The clinical significance of this system is threefold. First, it can be a source of considerable troublesome bleeding, particularly in the setting of raised intrathoracic or intra-abdominal pressure. Second, because of its low resistance, its relative proximity to the central venous system, and its distensibility, the spinal epidural venous system contributes to the normal ebb and flow of cerebrospinal fluid between the cranial and spinal compartments. With a Valsalva maneuver, the spinal epidural veins become distended, raising cerebrospinal fluid pressure in the spinal compartment and forcing the fluid cranially. In the presence of obstruction at the foramen magnum, this may contribute to the development of syringomyelia.²⁰ Third, because of its valveless connection with other venous systems, the vertebral plexus is a common source of hematologic spread of malignancy and probably accounts for the relatively high incidence of vertebral metastasis.

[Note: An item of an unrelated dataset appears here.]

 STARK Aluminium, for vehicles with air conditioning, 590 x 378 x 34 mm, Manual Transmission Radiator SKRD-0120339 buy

The intradural venous drainage of the spinal cord, while in continuity with the vertebral plexus via segmental radiculomedullary veins, should be considered as a separate functional unit (Fig. 32-27). Like radiculomedullary arteries, the radiculomedullary veins are inconsistent from level to level, reducing the capacitance of flow between the intradural and epidural systems. Although these radiculomedullary veins are valveless, there are multiple functional obstructions to venous reflux from the epidural system to the intradural system. These include intradural venous folds, a meandering configuration, stenosis at the point of dural penetration, and increased smooth muscle fiber within the radicular veins, which may have autoregulatory function.²¹ The spinal cord is thus protected from the deleterious effects of venous hypertension except in severe circumstances.

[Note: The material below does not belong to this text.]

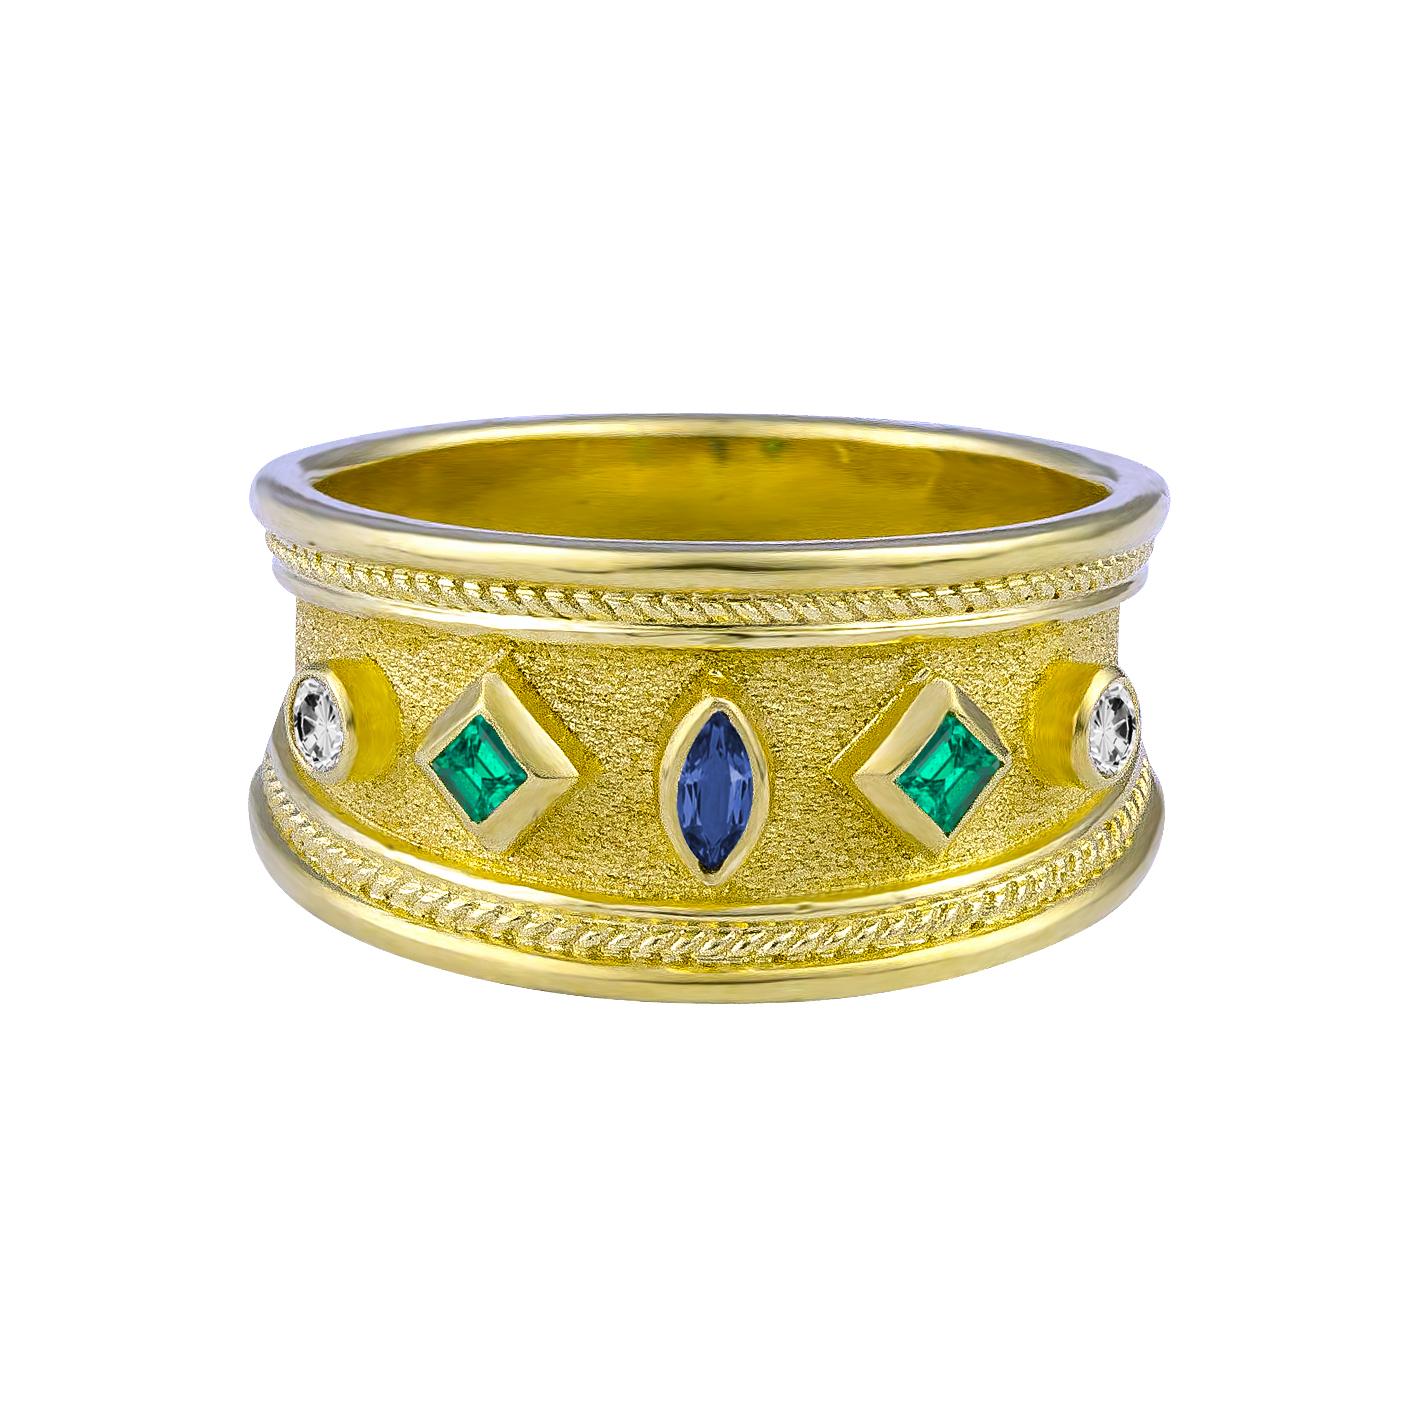 S.Georgios designer 18 Karat Solid Yellow Gold Ring all handmade with Byzantine granulation workmanship and a unique velvet background. The ring has a center 0.10 Carat Marquise Sapphire, 2 Emeralds total weight of 0.15 Carats and 2 Brilliant cut

FIGURE 32-27 A, Internal and external vertebral venous plexi. B, Major venous structures and their relationship to the spine.

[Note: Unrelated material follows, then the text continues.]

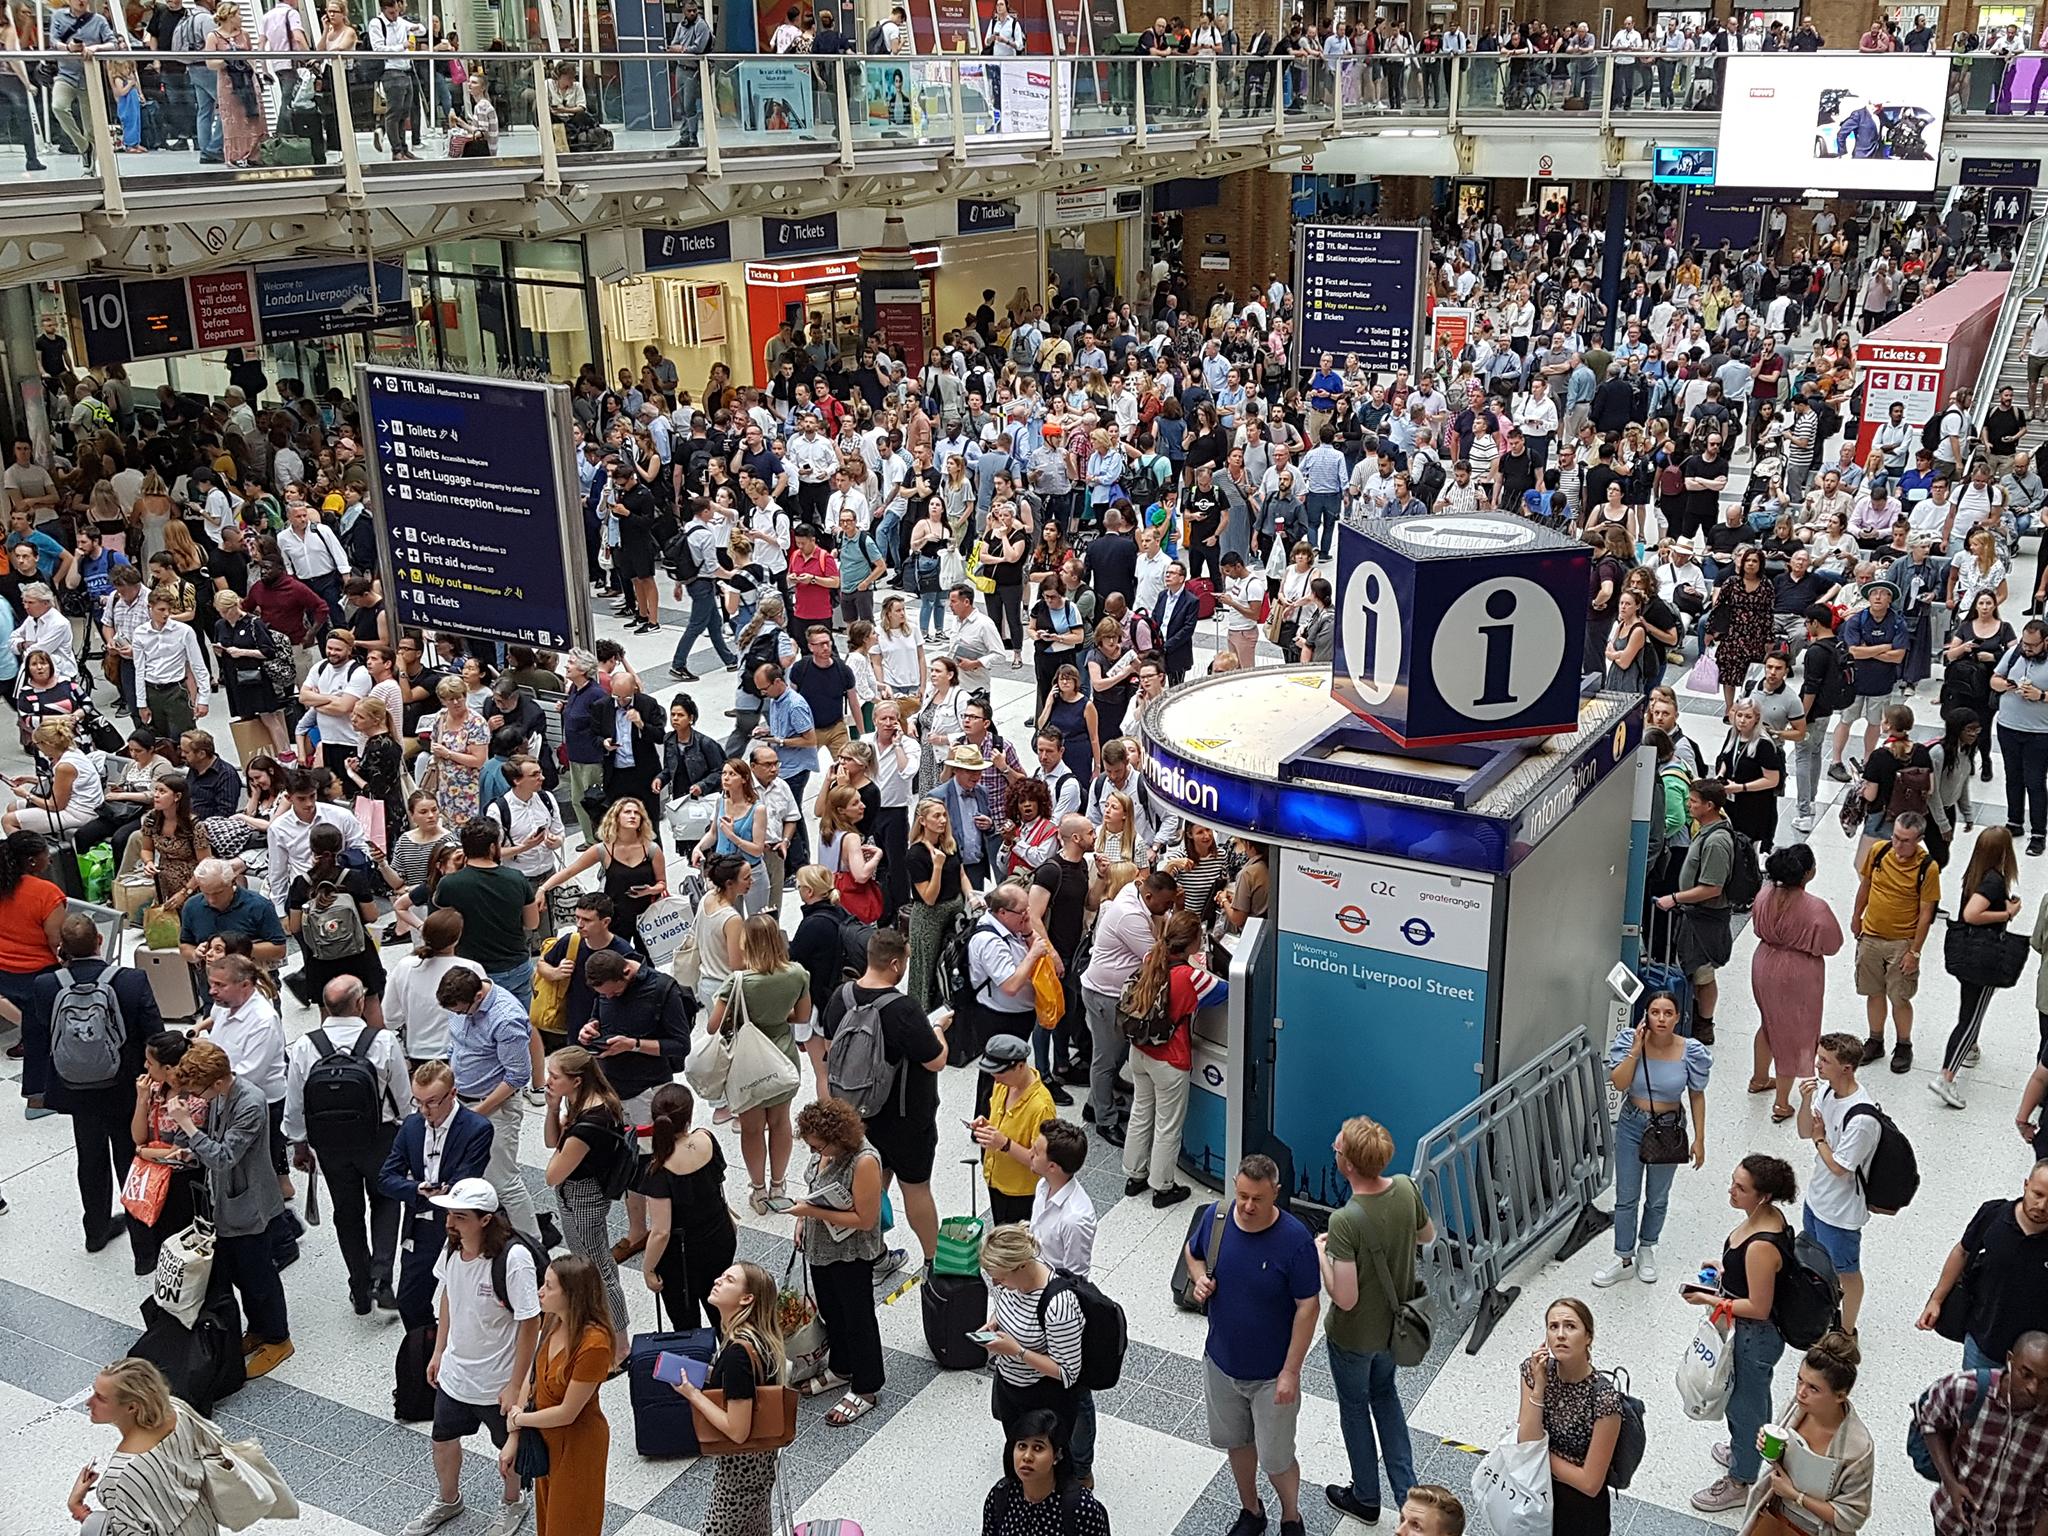 Scenes from Liverpool Street station show commuters bearing up under the (less than) chaotic disruption

(Copyright Cleveland Clinic Foundation.)

Venous drainage of the spinal cord occurs via a radially arranged system, which transmits venous blood from the central portion of the cord into a pial venous plexus on the cord’s surface. An anterior spinal vein and a posterior vein are located near the midline of the ventral and dorsal surfaces of the spinal cord, respectively. The pial plexus and anterior and posterior spinal veins drain along radiculomedullary veins located in the dorsal or ventral roots. While a radicular or radiculomedullary artery travels on the root’s surface, the radiculomedullary vein resides within the root, nestled between nerve fasciculi. The radiculomedullary or distal radicular vein usually pierces the dura in concert with the spinal nerve, though a separate aperture may be found in as many as 40% of cases; the transdural segment of vein may be as long as 1 cm.²²

Understanding the specific vascular anatomy of the nerve root is of particular importance in the surgical management of spinal dural arteriovenous fistula, or type 1 spinal arteriovenous malformation. Dural arteriovenous fistulae form between a dural artery and a radicular or radiculomedullary vein, resulting in venous hypertension in the pial plexus with secondary myelopathy. Microanatomic study has shown that the dural artery will usually send multiple small branches into the dura of the root sleeve at the junction of the radicular dura and the spinal dura. These will then coalesce again in the outer dural layer to form a single arterial branch that traverses the inner dural layer to fistulize with a radiculomedullary vein at the inner surface of the dura.²³ Thus, the lesion is usually intradural and represents a fistulization between an extradural artery and an intradural vein. Because multiple dural arteries may participate in such a fistula, treatment is usually directed at surgical or endovascular occlusion of the final common pathway: the intradural radiculomedullary vein.